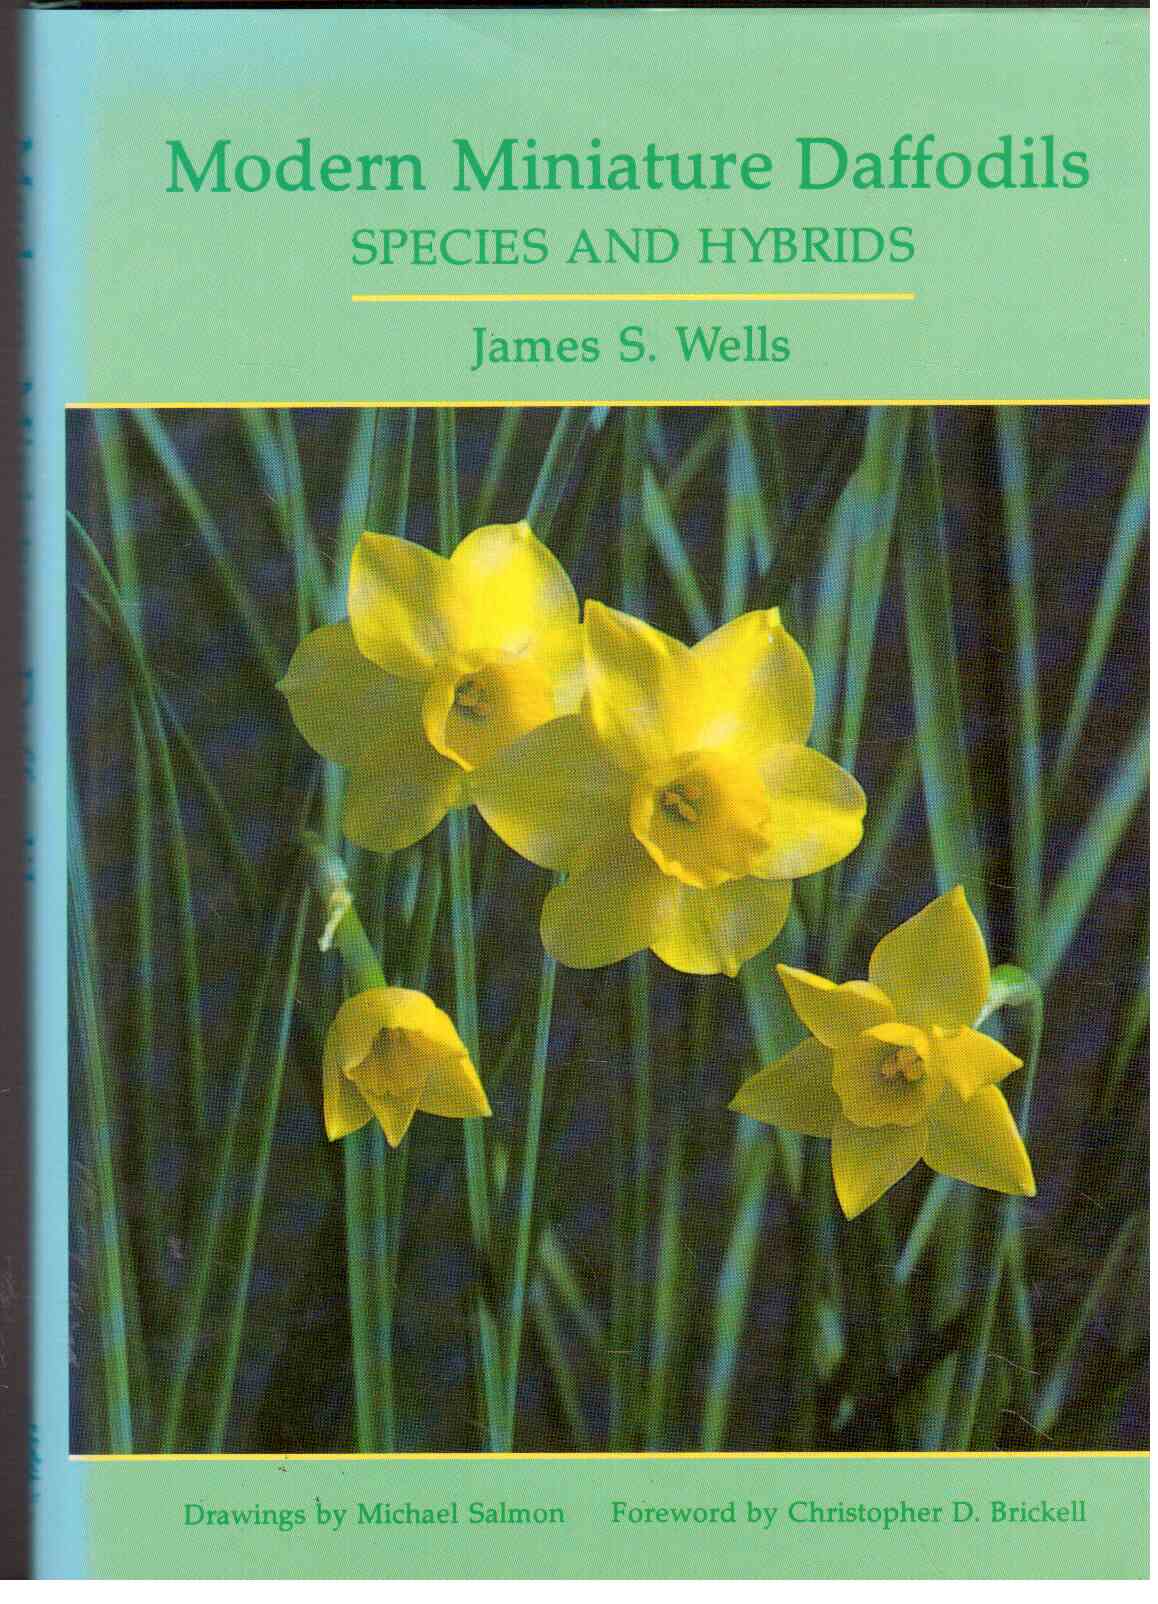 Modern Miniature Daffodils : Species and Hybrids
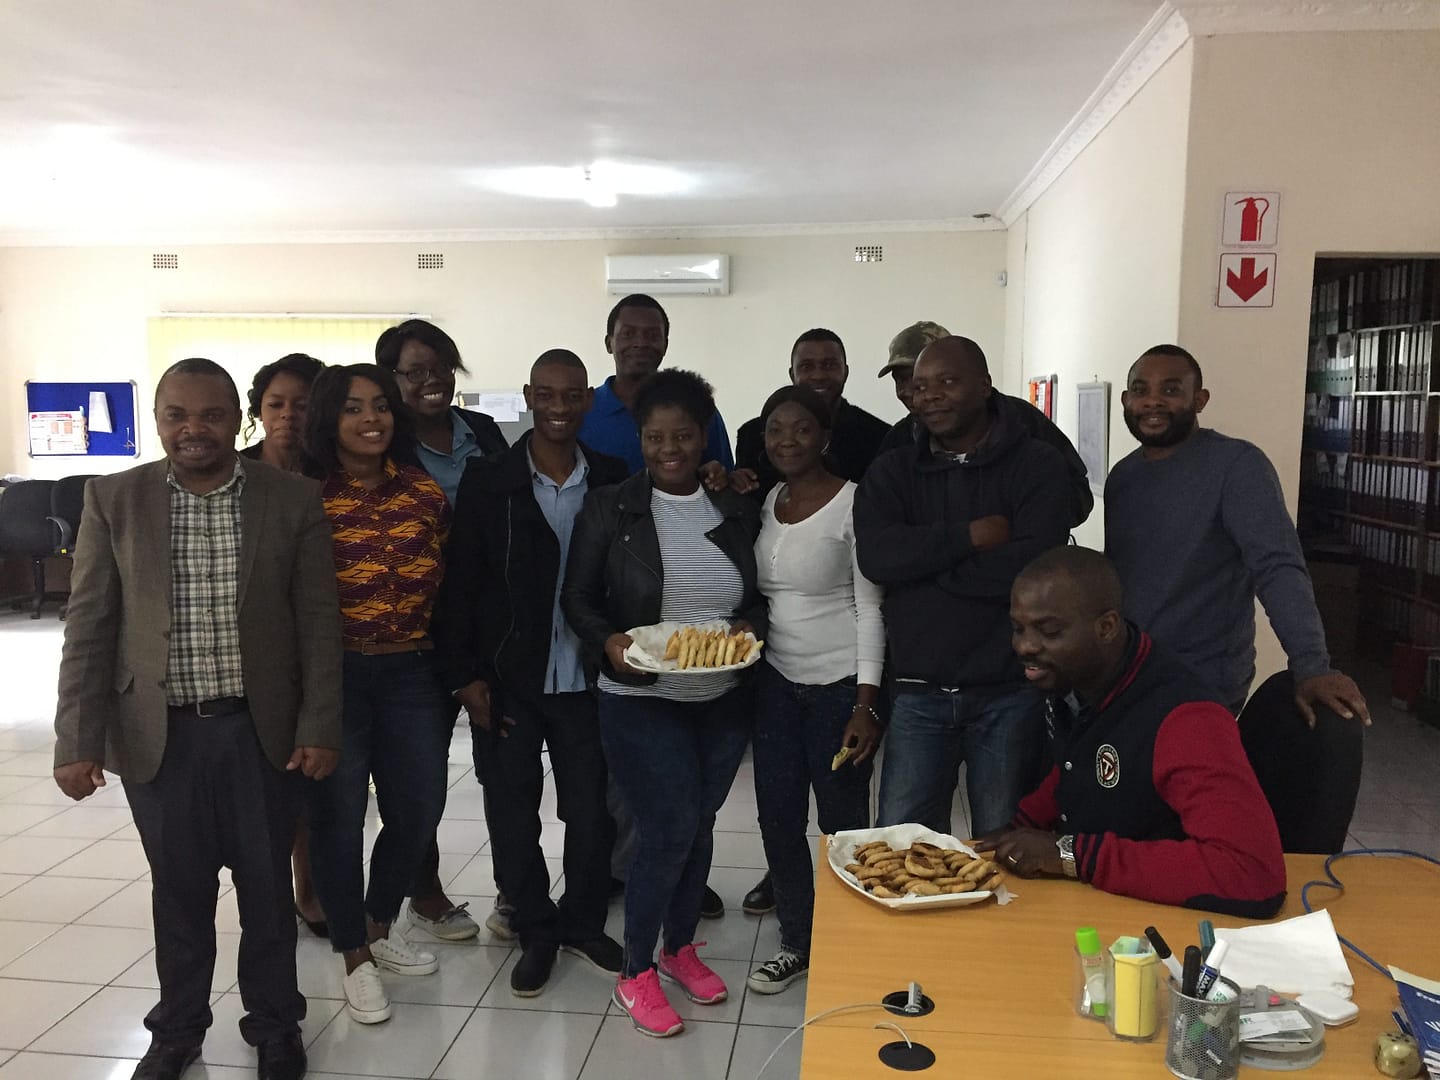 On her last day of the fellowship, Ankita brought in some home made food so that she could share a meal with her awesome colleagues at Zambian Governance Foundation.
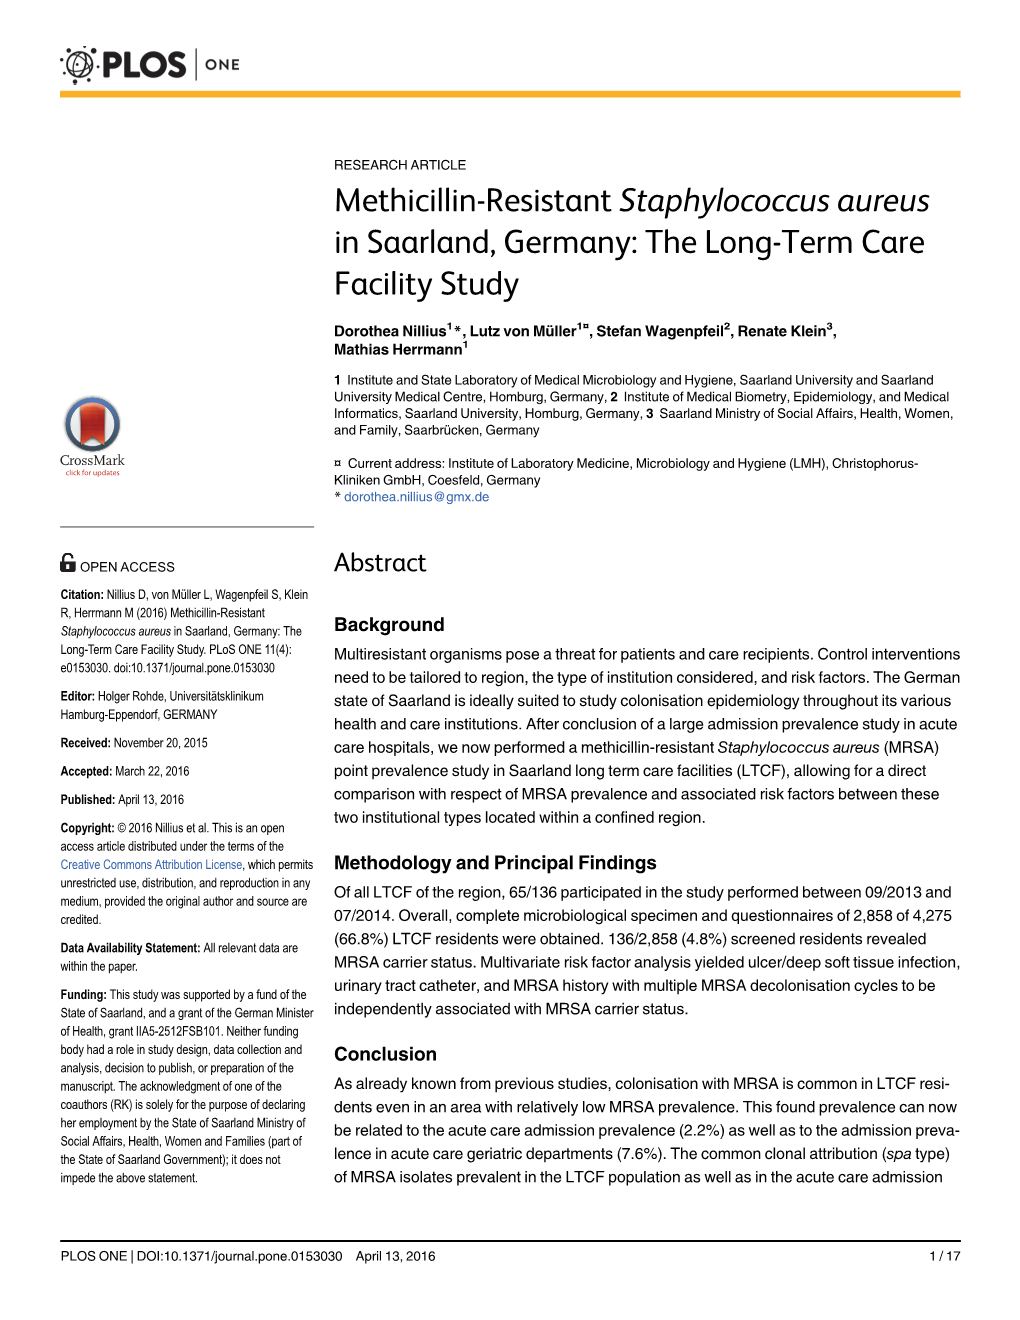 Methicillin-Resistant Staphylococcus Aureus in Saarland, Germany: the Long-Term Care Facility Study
•••••
Try it
Exclude all pictures and reproduce verbatim the lines running from the line that contains "On her last" to the end of the data above, both ends included.

Final answer
 On her last day of the fellowship, Ankita brought in some home made food so that she could share a meal with her awesome colleagues at Zambian Governance Foundation.
 Methicillin-Resistant Staphylococcus Aureus in Saarland, Germany: the Long-Term Care Facility Study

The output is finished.